• **Task**
Return all the data verbatim but without images.

Segment Start: Data

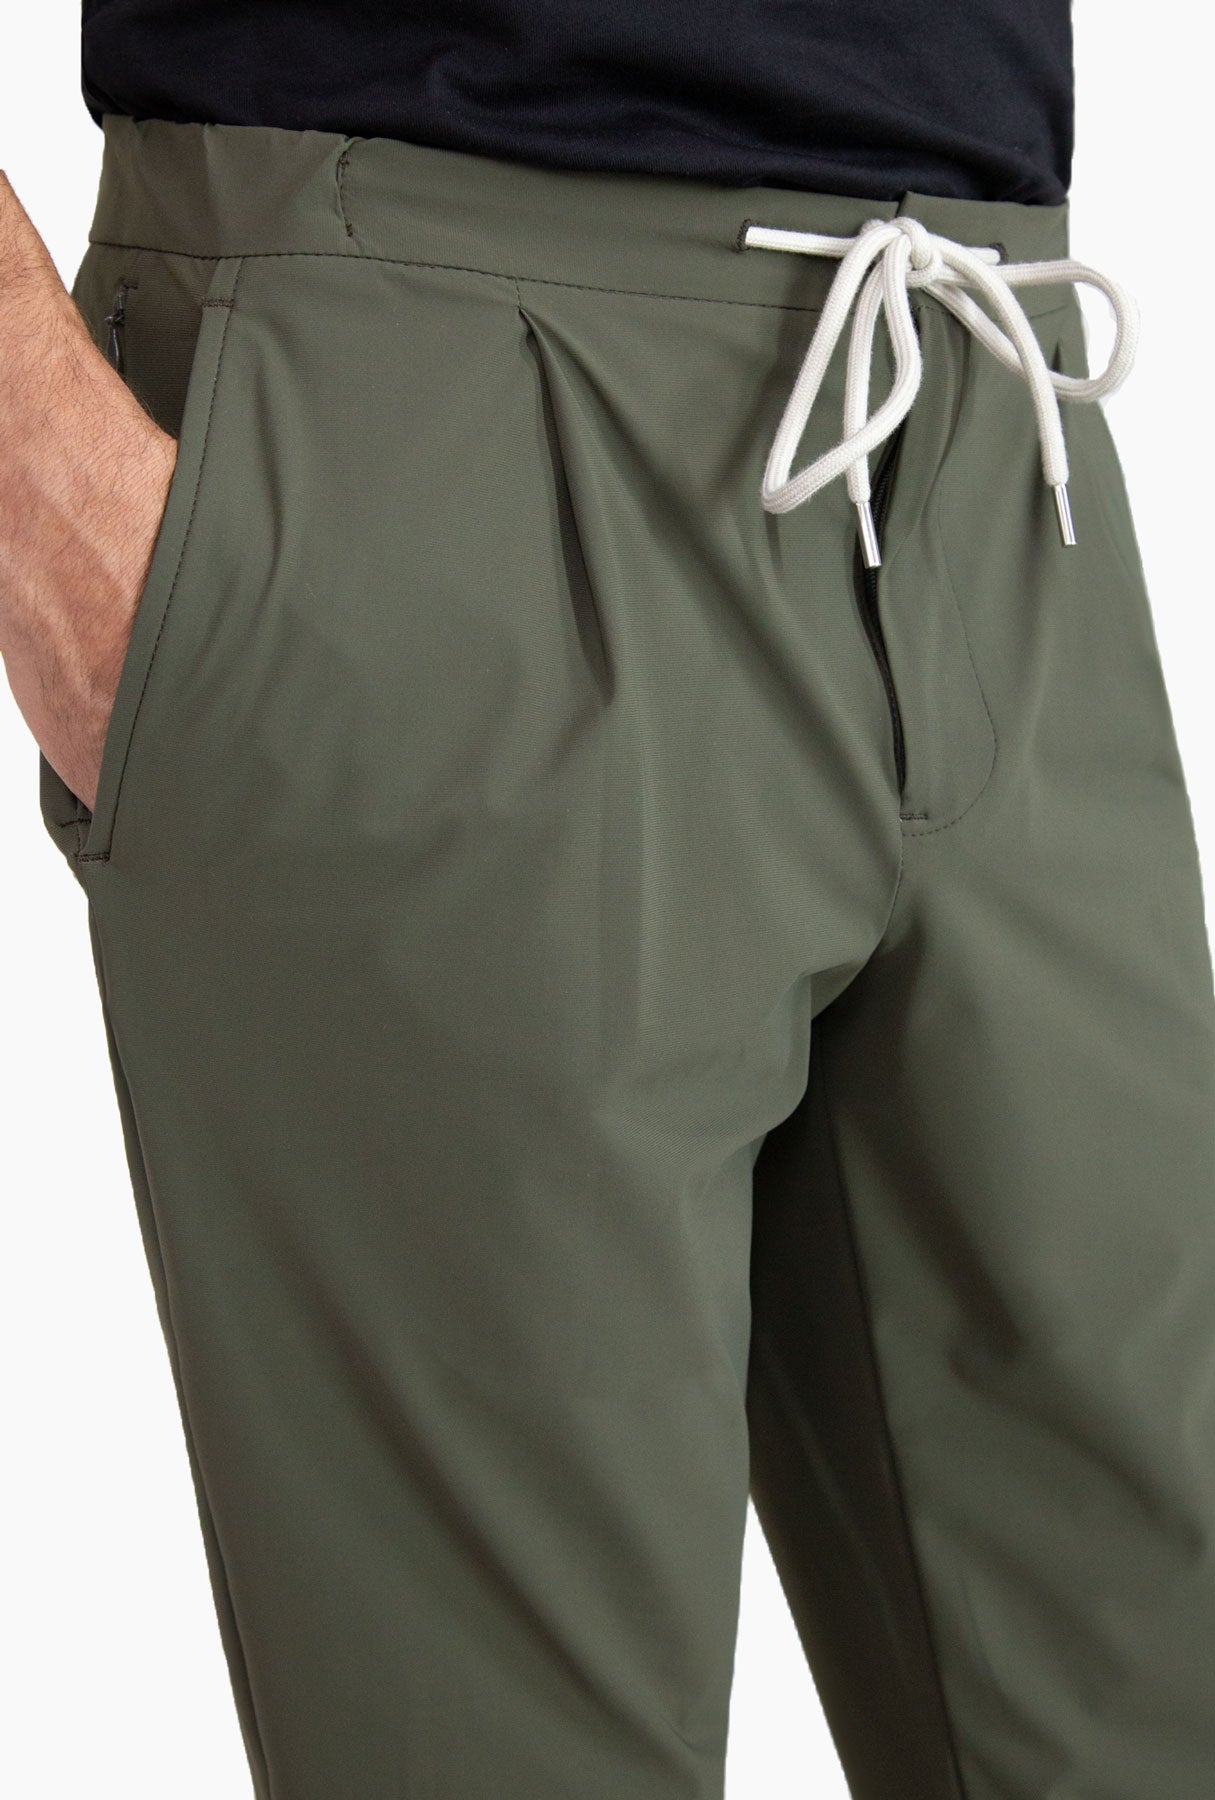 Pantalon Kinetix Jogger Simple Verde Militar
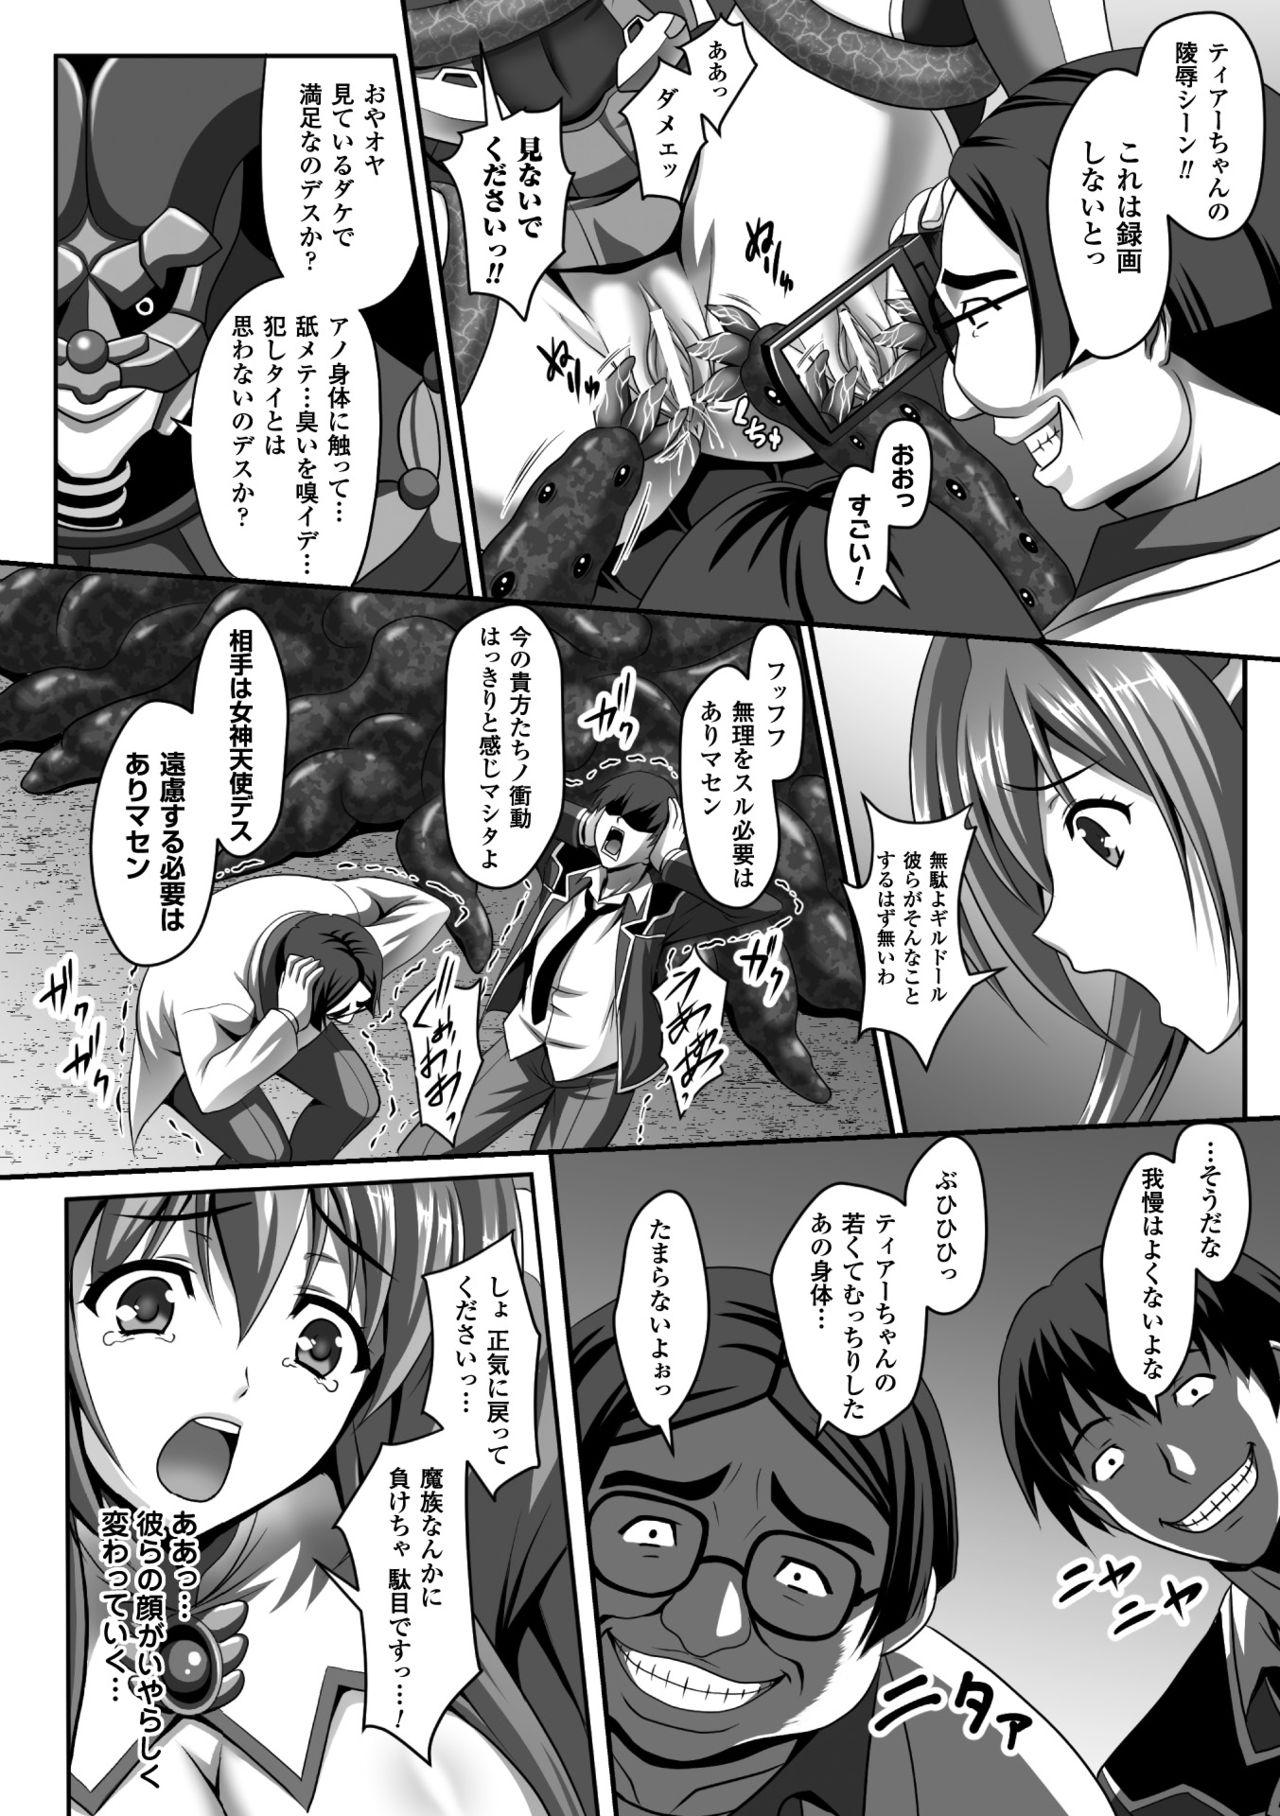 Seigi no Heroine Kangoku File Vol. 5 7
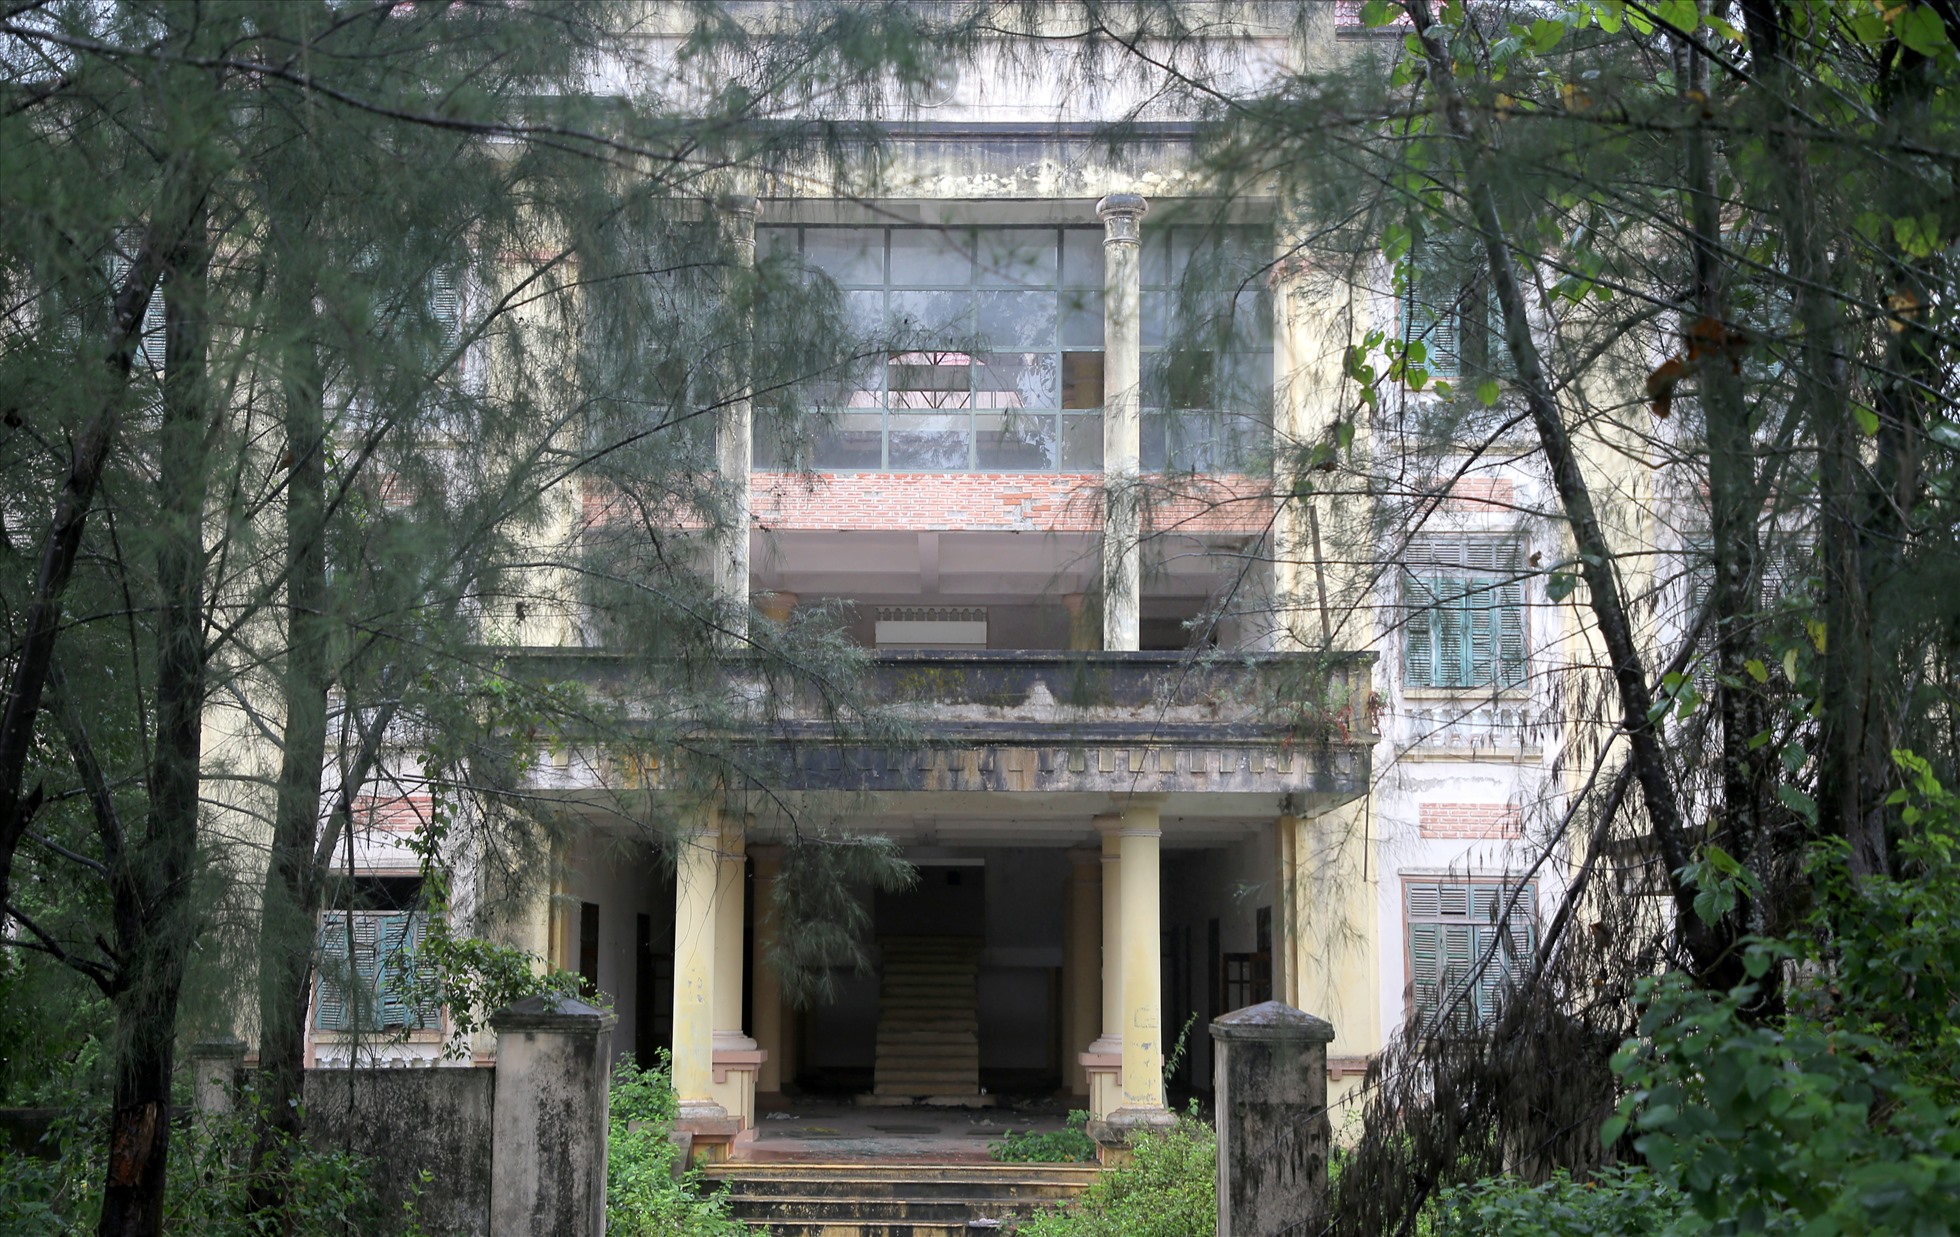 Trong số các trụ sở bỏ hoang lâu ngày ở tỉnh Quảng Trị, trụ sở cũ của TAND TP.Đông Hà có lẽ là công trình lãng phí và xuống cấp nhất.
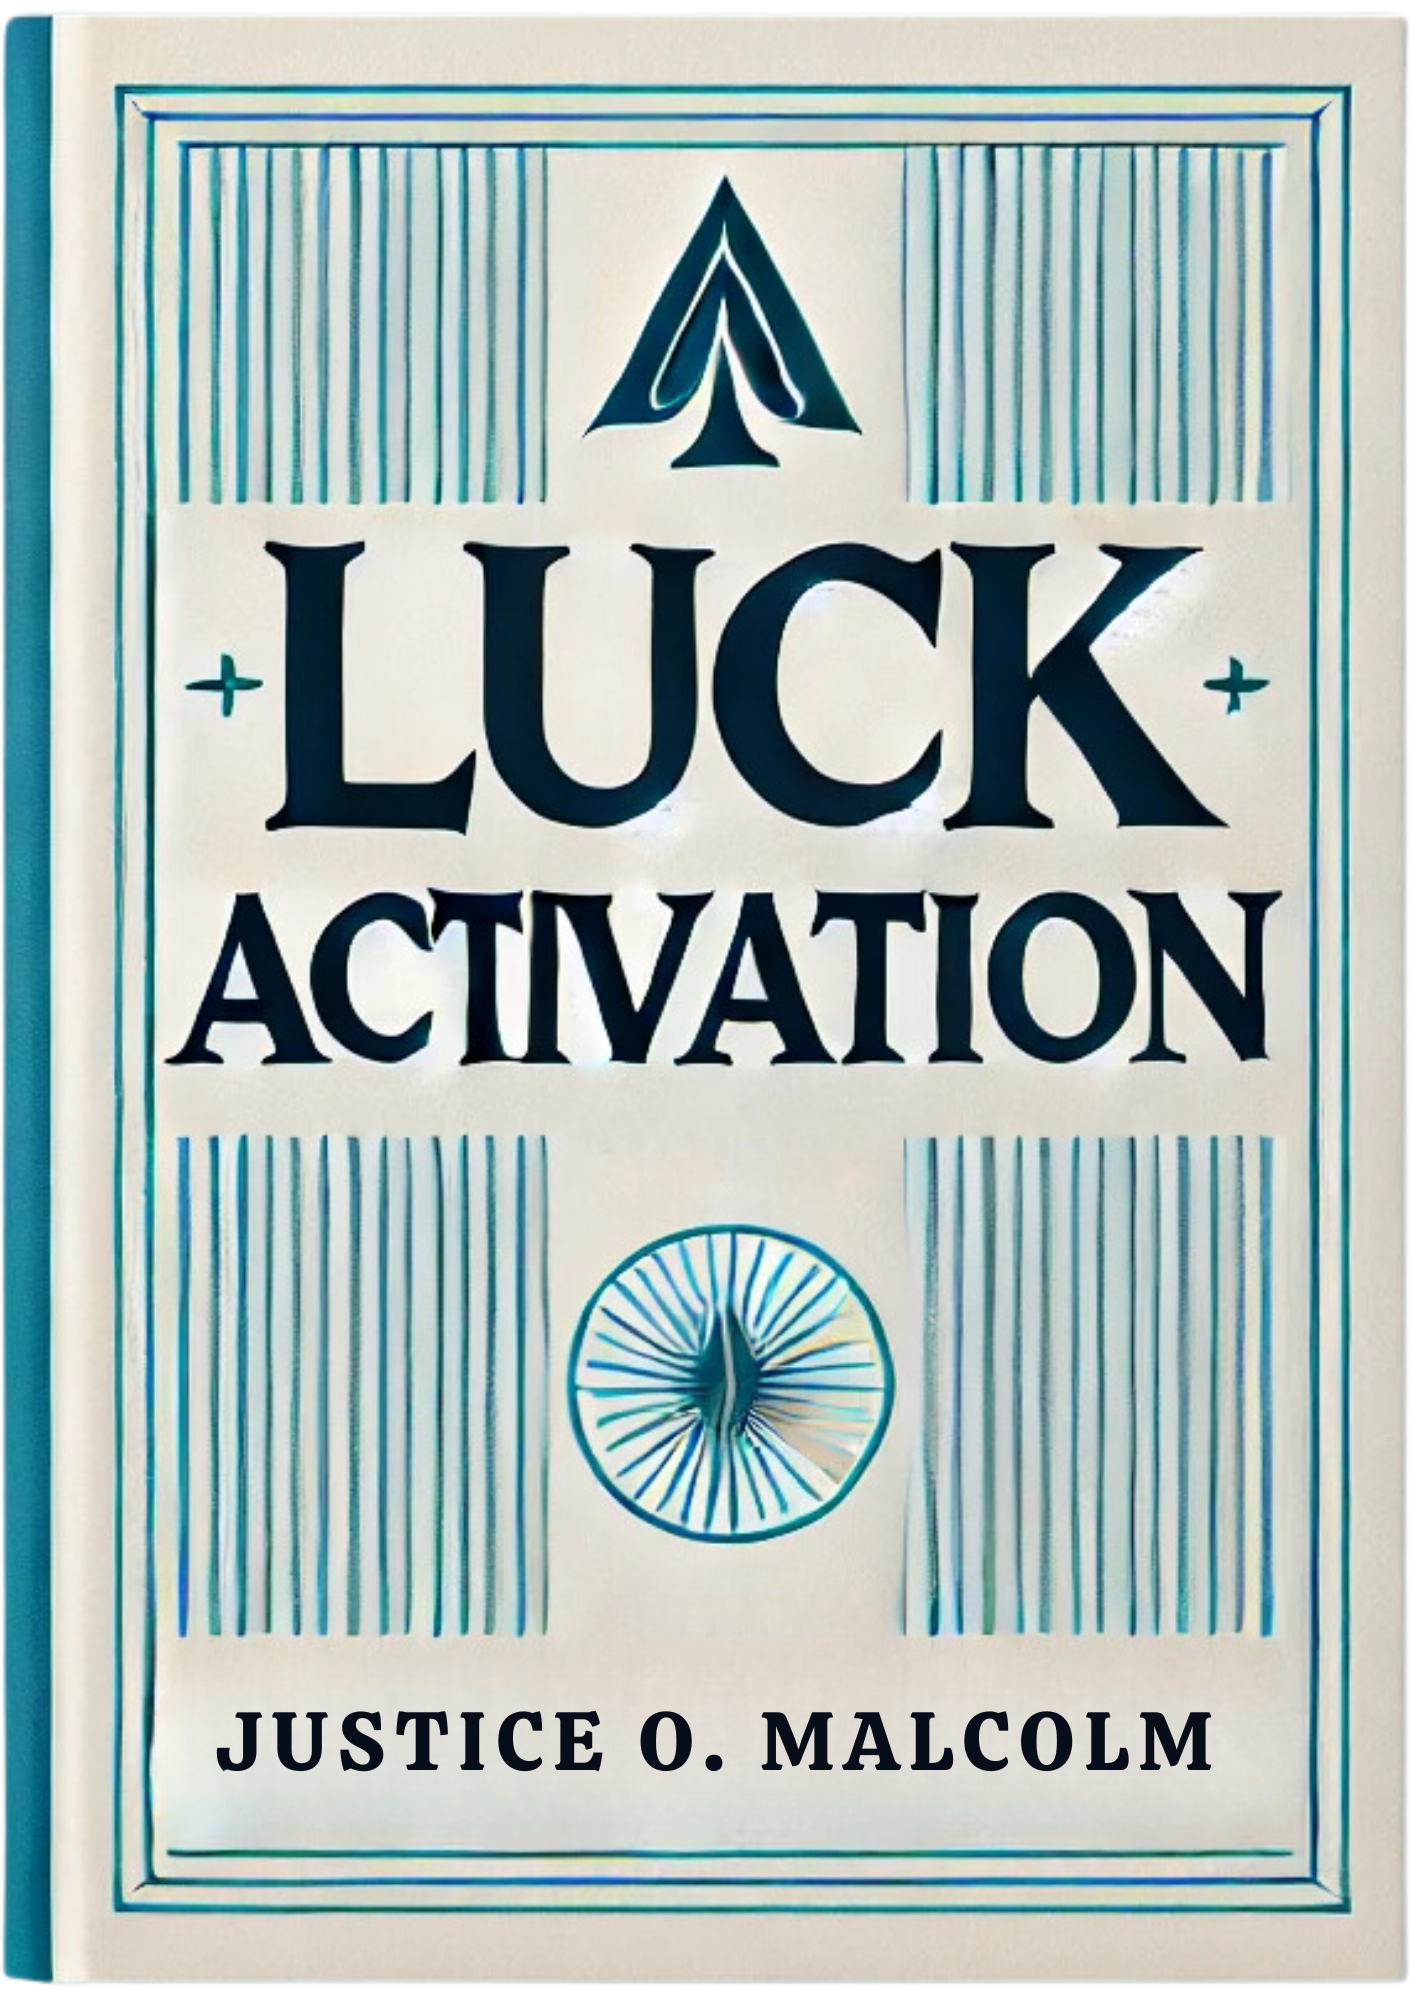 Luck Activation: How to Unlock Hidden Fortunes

Segment End: Data

• **Answer section**
 Pantalon Kinetix Jogger Simple Verde Militar
 Seigi no Heroine Kangoku File Vol. 5 7
 Trong số các trụ sở bỏ hoang lâu ngày ở tỉnh Quảng Trị, trụ sở cũ của TAND TP.Đông Hà có lẽ là công trình lãng phí và xuống cấp nhất.
 Luck Activation: How to Unlock Hidden Fortunes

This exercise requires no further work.